In a recent op-ed, Nona Willis Aronowitz discusses waiting until you are older to have children and the effect that has on the children themselves. She has an interesting perspective on the topic because she is a 27-year-old with a 79-year-old father. Though her mother passed away some time ago, both of her parents were older when they had her. Now, she points out, she has had to grow up faster than she would like because her father is at the age where she has to worry about him constantly. She says:
Now I move a little slower when we walk down the street together. When he runs 20 minutes late, my imagination runs wild: Has he fallen or gotten into a car accident? Has he forgotten about our appointment? Oh, God, does he have Alzheimer’s? My father continually reminds me that he can fend for himself, but his protestations fail to dismantle the layer of worry that has set up camp in my brain.
Her argument, then, is that delaying childbearing isn’t ideal for the children once they get a little bit older. She writes that she doesn’t feel right turning off her phone for days at a time, nor would she be able to start over in a new location without guilt and worry about her father’s wellbeing, and that this is ultimately unfair to her. When she should be enjoying her twenties, she is, instead, stuck worrying about her aging father.
I see Aronowitz’s point, but I have to question whether or not this feeling of being tied to a place because of care or worry for a family member is a product of her father being older, or whether it is a product of being someone’s child in general. I am the same age as Aronowitz, and my parents didn’t have me until they were in their 30s, so I can’t speak to the same exact issues that she has with her father, but I have taken on some of the caregiving duties she speaks of in her article. As a child of divorced parents, I am my parents’ emergency contact and, as such, have been called to the hospital with the added responsibility of having to call everyone else in the family to update them on the situation.

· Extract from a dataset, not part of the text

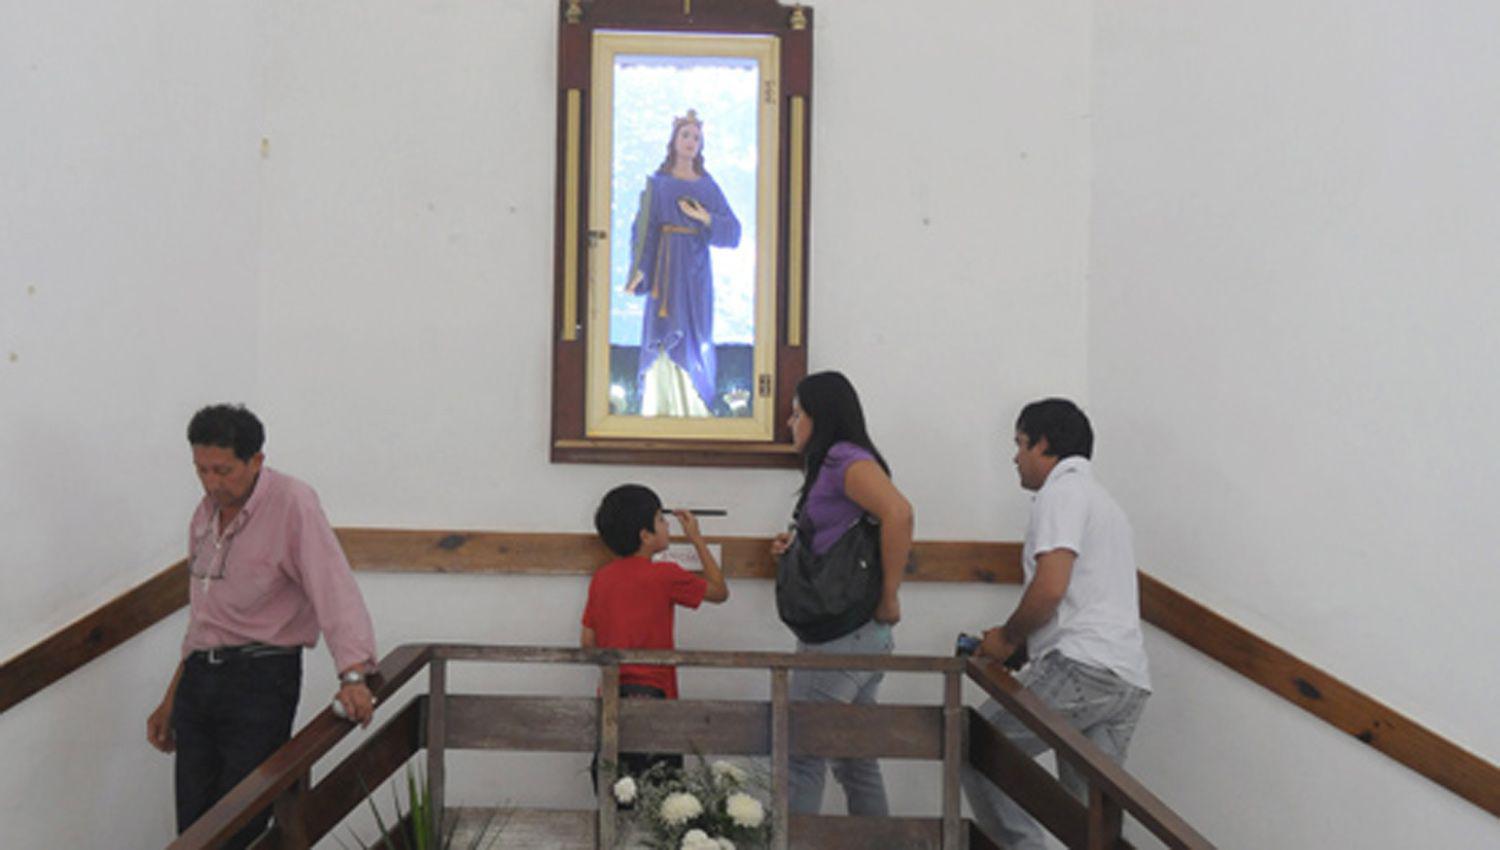 Hoy daraacute comienzo  el triduo patronal en  honor a Santa Luciacutea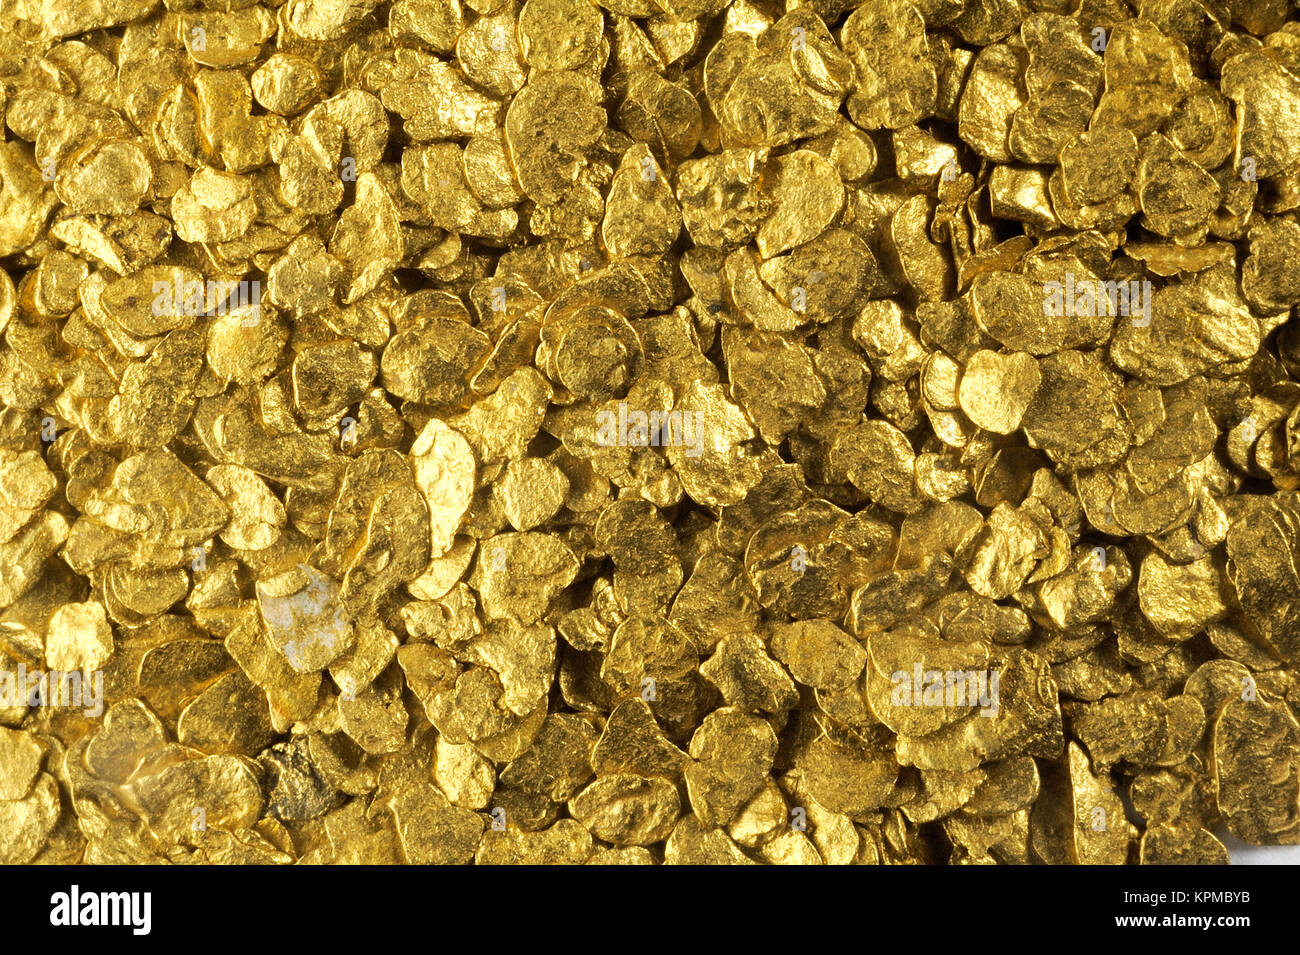 File:Placer gold flakes (Drava River, Murakeresztúr, Hungary).jpg -  Wikimedia Commons

My parents tell me stories all the time about people younger than them who have suffered a fall or another similar accident. It just goes to show you that being a caregiver to your parents has very little to do with your parents’ age, but everything to do with your parents’ health, and maybe a little bit of fate. I, also, would find it very difficult to leave my parents and start a life elsewhere, not because of their age, but because of the ties we have built together. I’ll never regret the time I am able to spend with my family because we live close, and I wouldn’t trade that for all the clean slates in the world.
Also, I find it hard to believe that the drawbacks outweigh the benefits when you’re talking about childbearing at a later age. Aronowitz herself admits that her mother waited because, as an ardent feminist, she was willing to wait until she found a man who would share childrearing duties equally and her father, who was on his second marriage, wanted to wait until he was sure he could get it right. Both of her parents got to have full careers and full relationships — both with each other and with their peers — before they added a child to their lives.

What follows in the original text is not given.